Thorne argued that the trend with the most far-reaching impact could be that “technology is playing a bigger role than ever” in day-to-day operations and the way services are delivered across the financial services industry. did.
“Clearing firms are becoming the go-to source of tools and systems beyond just providing trading support and maintaining books and records,” he said.
Thomey agreed, saying that operationally there is a more coordinated effort to improve automation. As market silos continue to erode, firms recognize that even though the cleared OTC/F&O market has an element of standardization, the operating environment should be simpler (especially compared to non-cleared OTC markets). he said. “However, investments in automation have lagged behind, decoupled infrastructure/processes, restricted workflows, and customer/clearing brokers across trade (or position) management, margining, and settlement. We need to digitize the interaction between / exchanges / CCPs,” he said.
Furthermore, Thomey said given the macroeconomic environment of the past few months, increased volatility has re-emerged risk management as an industry-wide focus. “This includes examining the levels of margin/collateral held (and associated initial margin models/calculations) and default management practices across the industry,” he said.
Task
A spokesperson for Apex Fintech Solutions said the biggest challenge for CCP is the continued demand for real-time processing. “Not long ago, it took him five days to settle a stock trade. Now he has reduced it to two days, and plans are underway to bring him to one day by 2023.”
“We are also beginning to see a growing demand for 24/7 trading in traditional markets, as is the case with cryptocurrencies. We need to continue down the road, as this style of trading feels inevitable at this point.”

According to Thomey, there are various challenges, mostly related to disparate data. Clearing brokers have to deal with inconsistent data representation across exchanges or CCPs without having a form of standardization on connectivity (e.g., the industry lacks standard APIs), he said. Told.

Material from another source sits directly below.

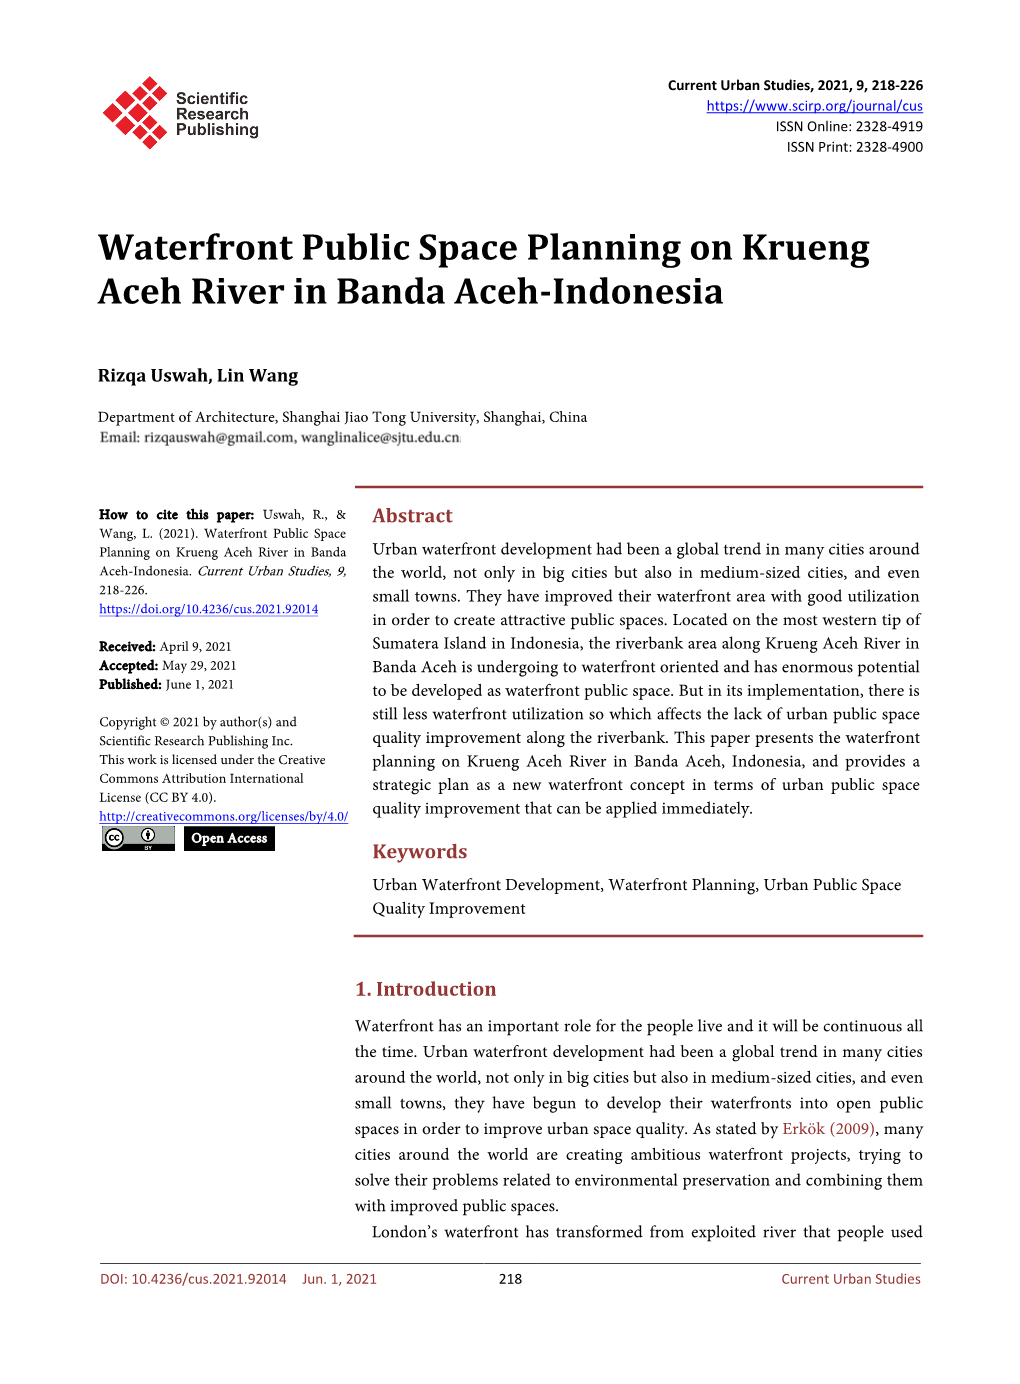 Waterfront Public Space Planning on Krueng Aceh River in Banda Aceh-Indonesia

“This poses challenges in managing trades (properly executing, allocating and clearing trades), reconciling ongoing books and records, and maintaining reference data (commodities, risk arrays, etc.),” he said. I was.
Additionally, according to Thomey, clearing firms are subject to different operating models required to post collateral on exchanges or CCPs. “This operational drug leads to suboptimal collateral allocation,” he said.

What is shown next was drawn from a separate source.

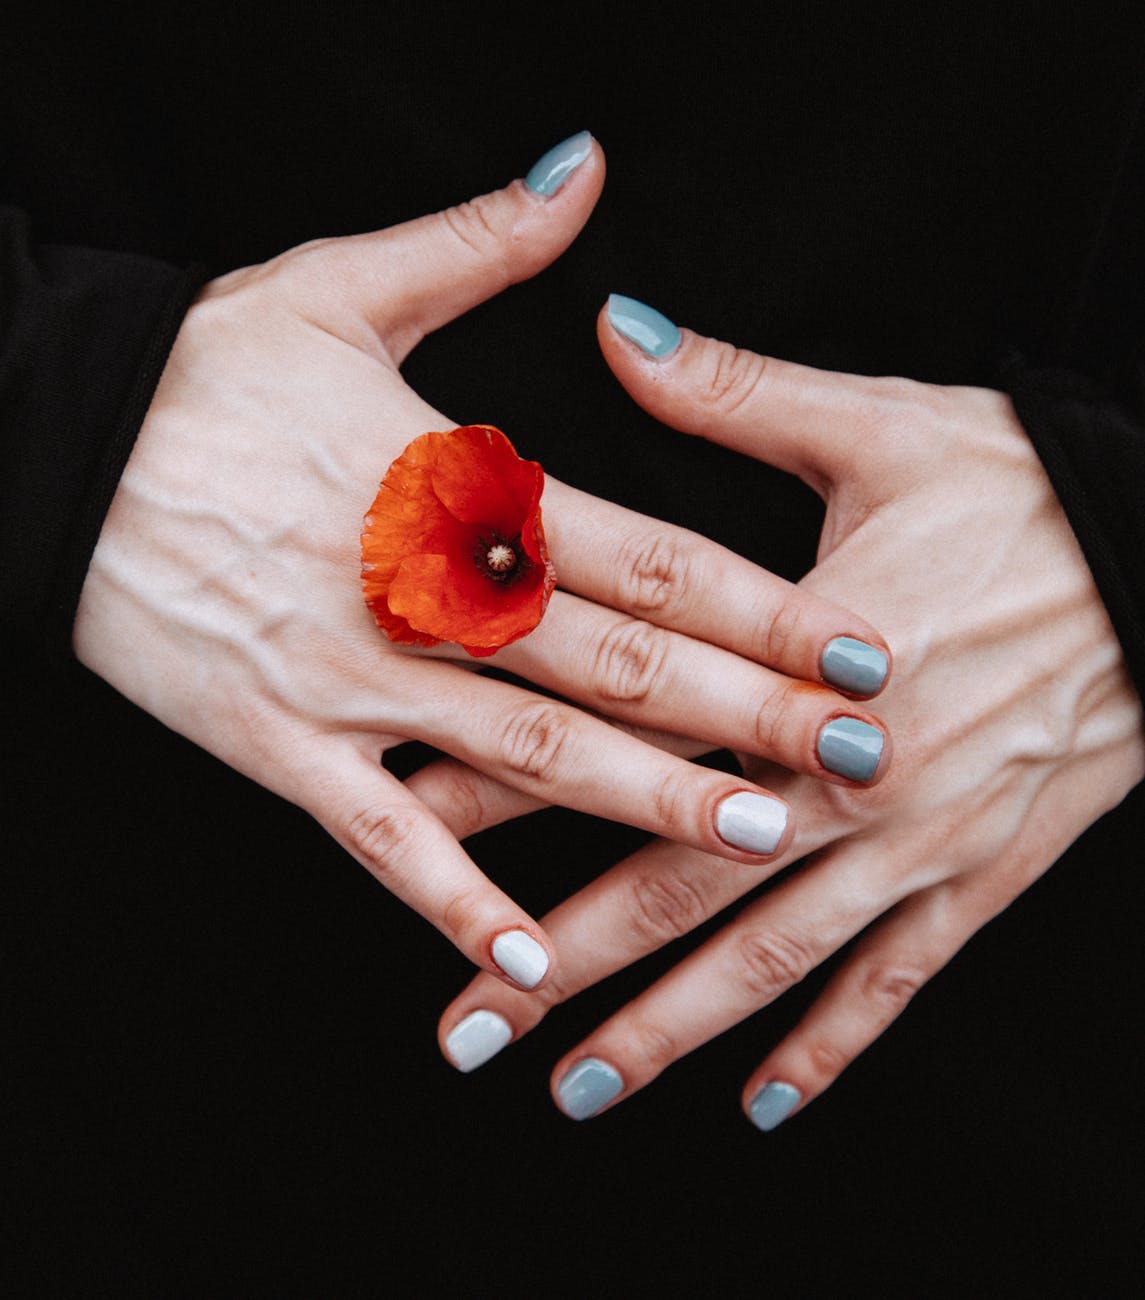 person holding red petaled flower between his finger

He added that replicating margin calculations is complex (given the differences between exchanges/CCPs), further complicating the ability of all participants to optimize risk and reduce associated costs. I was.
Thorne argued that keeping up with the technological changes happening in financial services is a “huge problem” for many clearing firms. The challenges, he said, fall into three categories: cost, connectivity and capacity.
Developing new technology, adapting off-the-shelf technology, and decommissioning legacy technology can all require significant technology budgets for financial services firms, Thorne said.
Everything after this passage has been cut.